Landlines get pricier, as callers hang up on old technology

old telephone Image copyright Thinkstock

The cost of having a fixed-line telephone is going up significantly, as people spend less time using them.

Three of the biggest operators are raising their line rental charges on Monday by up to five times the rate of inflation.

Experts say consumers are switching to free technology instead, and operators are raising prices to compensate.

But BT, the largest UK operator, said the rise was simply a result of their regular annual price review.

Latest figures from the regulator, Ofcom, show that consumers spent three billion minutes fewer on their landlines in the year to June 2014, a reduction of 12.7% in one year alone.

As a result, operators lost out on £85m of revenue compared with the previous year.

"Call volumes are declining," said James Barford of Enders Analysis.

"People are using Facebook or WhatsApp, or even email if they're a little old-fashioned, so operators are having to recover their costs from increased line rental," he added.

Line rental charges

Image copyright Thinkstock

Sky: up by 6.49% to £16.40 a month

BT: up 6.25% to £16.99

Virgin Media: up 6.25% to £16.99

Talk Talk: up 4.7% to £16.70

Sky, BT and Talk Talk are all introducing their price increases from Monday.
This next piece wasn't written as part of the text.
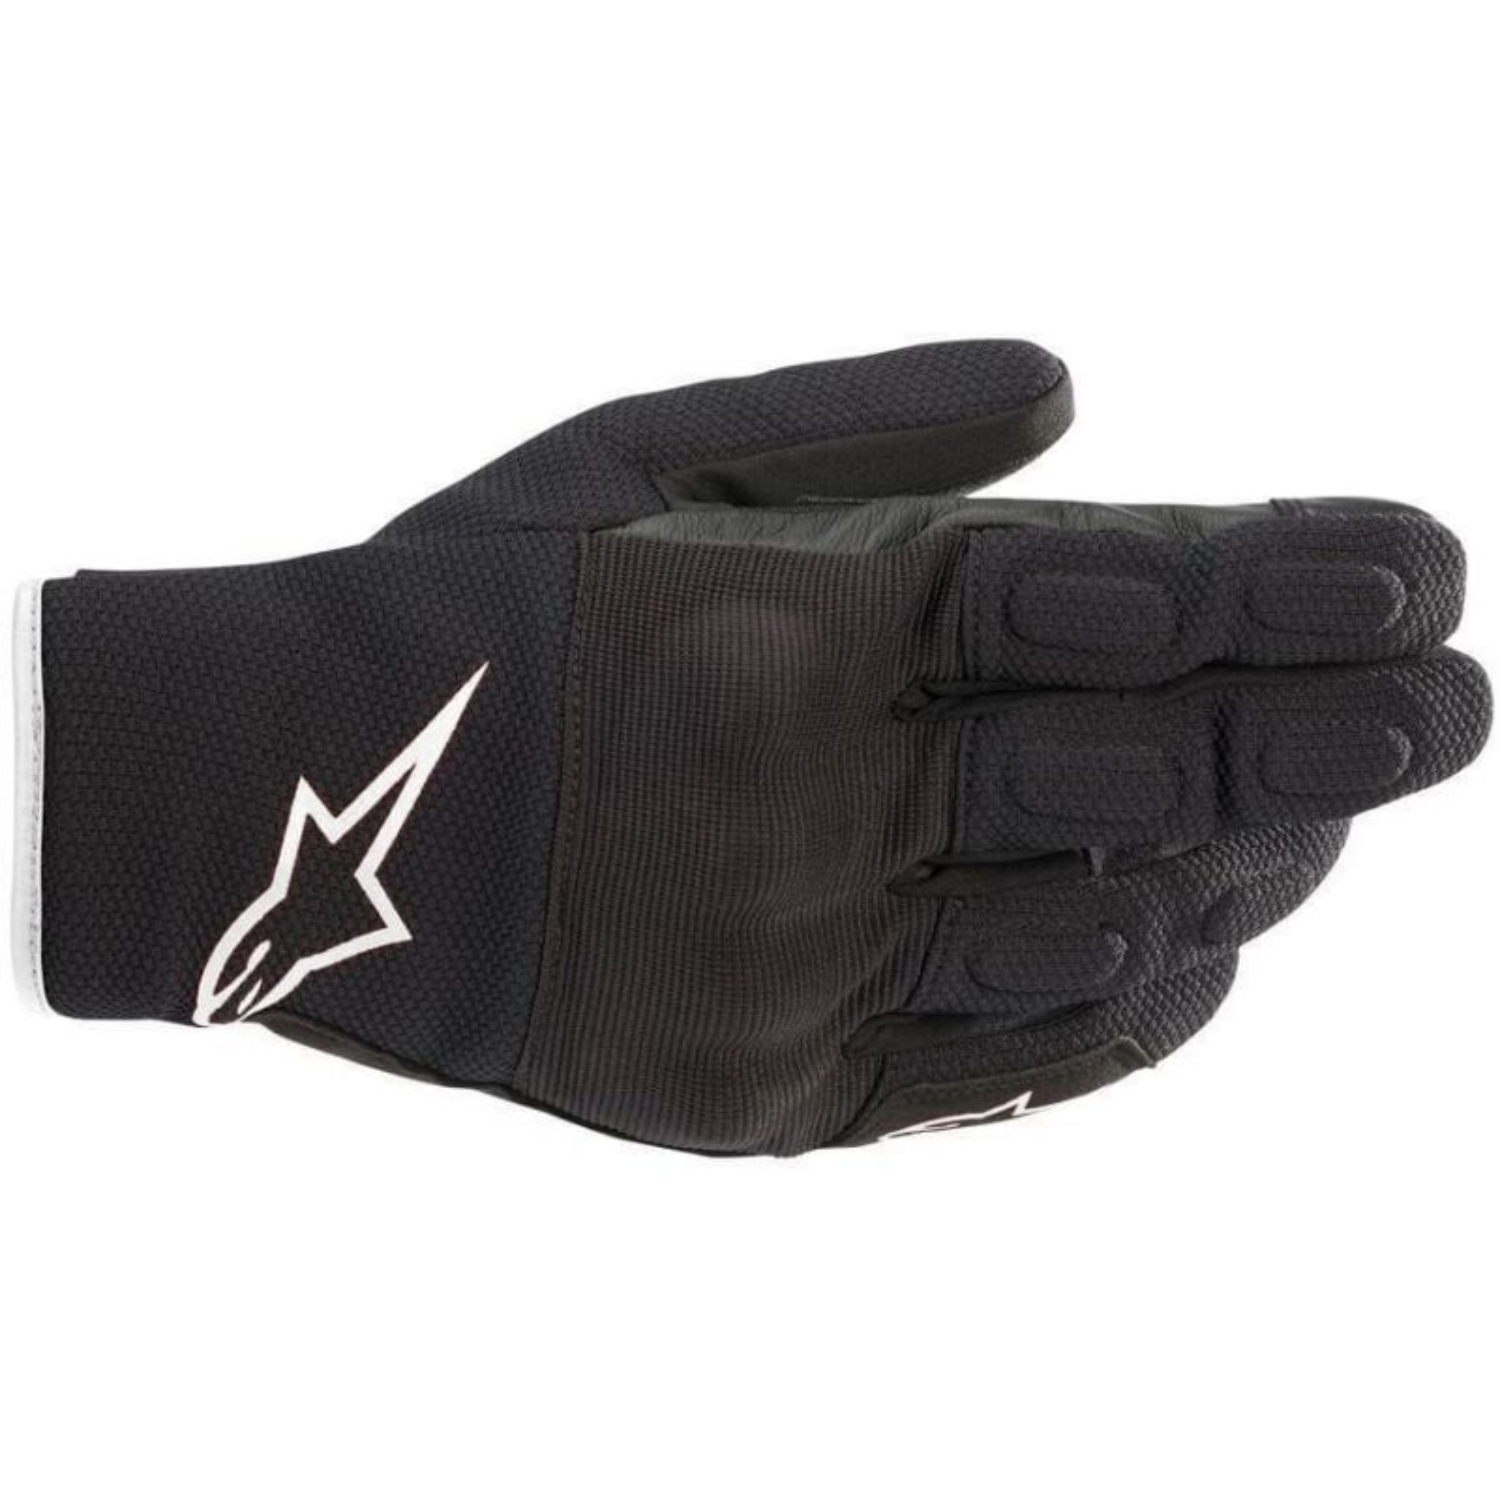 Image of Alpinestars S Max Drystar Gloves Black White Größe M

Virgin Media introduced its increase on 24 November for new customers. Existing customers will be charged more from 1 February next year.

But BT disputed the idea that prices were going up because of falling usage.

"Whilst call volumes are going down, the number of landlines is going up," a BT spokesman told the BBC.

Ofcom figures show that the number of residential lines has risen, but has been more than offset by a fall in the number of business lines.

However, people are still spending longer on their mobiles, according to Ofcom, with the total number of minutes increasing by 2.3% in the past year.